Only this complete pipeline is flagged, because only this complete pipeline is exactly equivalent to Enum.group_by/2 on every input.

Why the full pipeline is required

The bare reduce builds each value list in reverse insertion order (prepend with [elem | &1]):

Enum.reduce(["a1", "a2"], %{}, fn x, acc ->
  Map.update(acc, String.first(x), [x], &[x | &1])
end)
#=> %{"a" => ["a2", "a1"]}

whereas Enum.group_by/2 keeps insertion order (%{"a" => ["a1", "a2"]}). The trailing Map.new(fn {k, v} -> {k, Enum.reverse(v)} end) reverses each value list, making the whole expression equal to:

Enum.group_by(enum, fn x -> String.first(x) end)

A bare reduce without the reverse is therefore not flagged: it produces a different (reverse-order) result, so there is no behaviour-preserving fix.

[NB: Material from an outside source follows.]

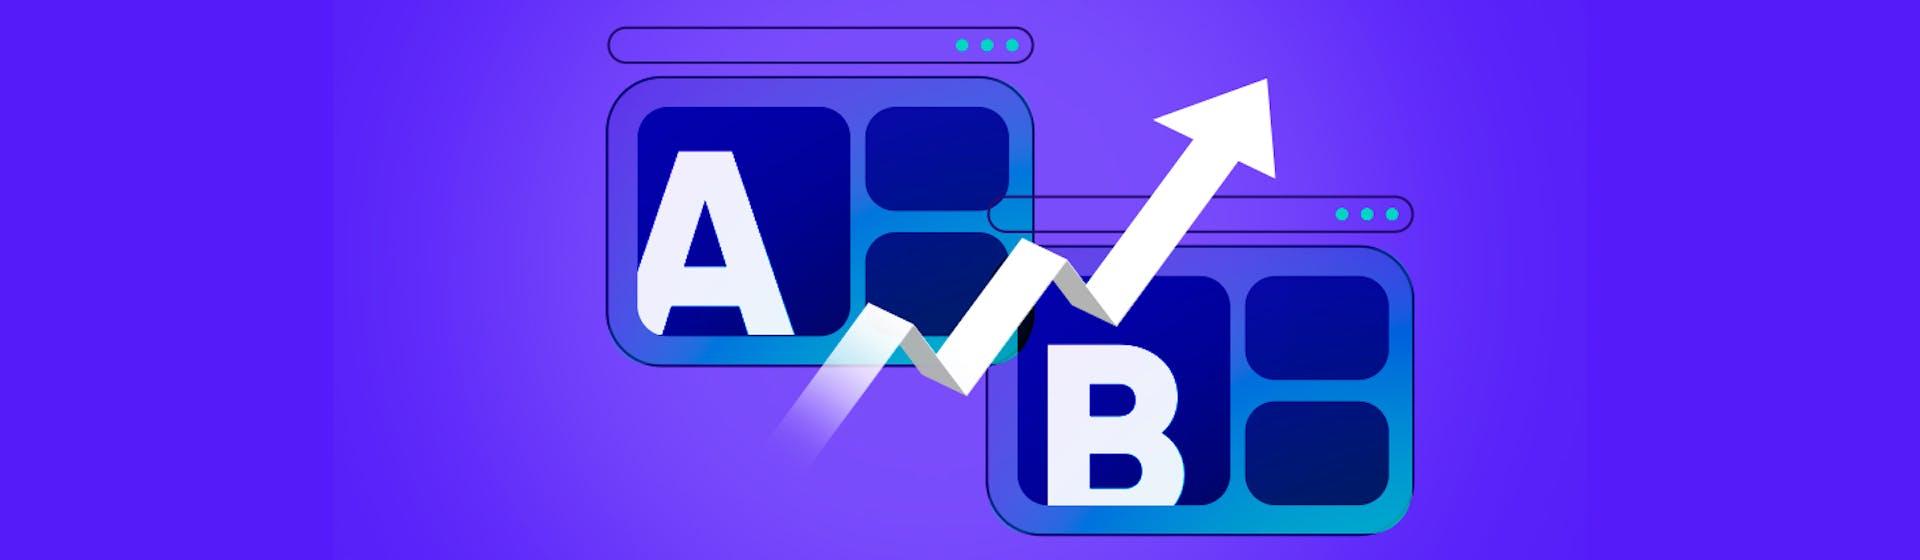 ¿Pocas conversiones? Conoce qué es un A/B testing y optimiza tu web

Flagged pattern (auto-fixed)

Enum.reduce(enum, %{}, fn x, acc ->
  Map.update(acc, key(x), [x], &[x | &1])
end)
|> Map.new(fn {k, v} -> {k, Enum.reverse(v)} end)

becomes

Enum.group_by(enum, fn x -> key(x) end)

The reduce may be written directly (Enum.reduce(enum, %{}, fn ...)) or piped (enum |> Enum.reduce(%{}, fn ...)). The key may be computed inline in the Map.update call, or via a single key = ... binding immediately preceding the Map.update (the only other statement in the function body).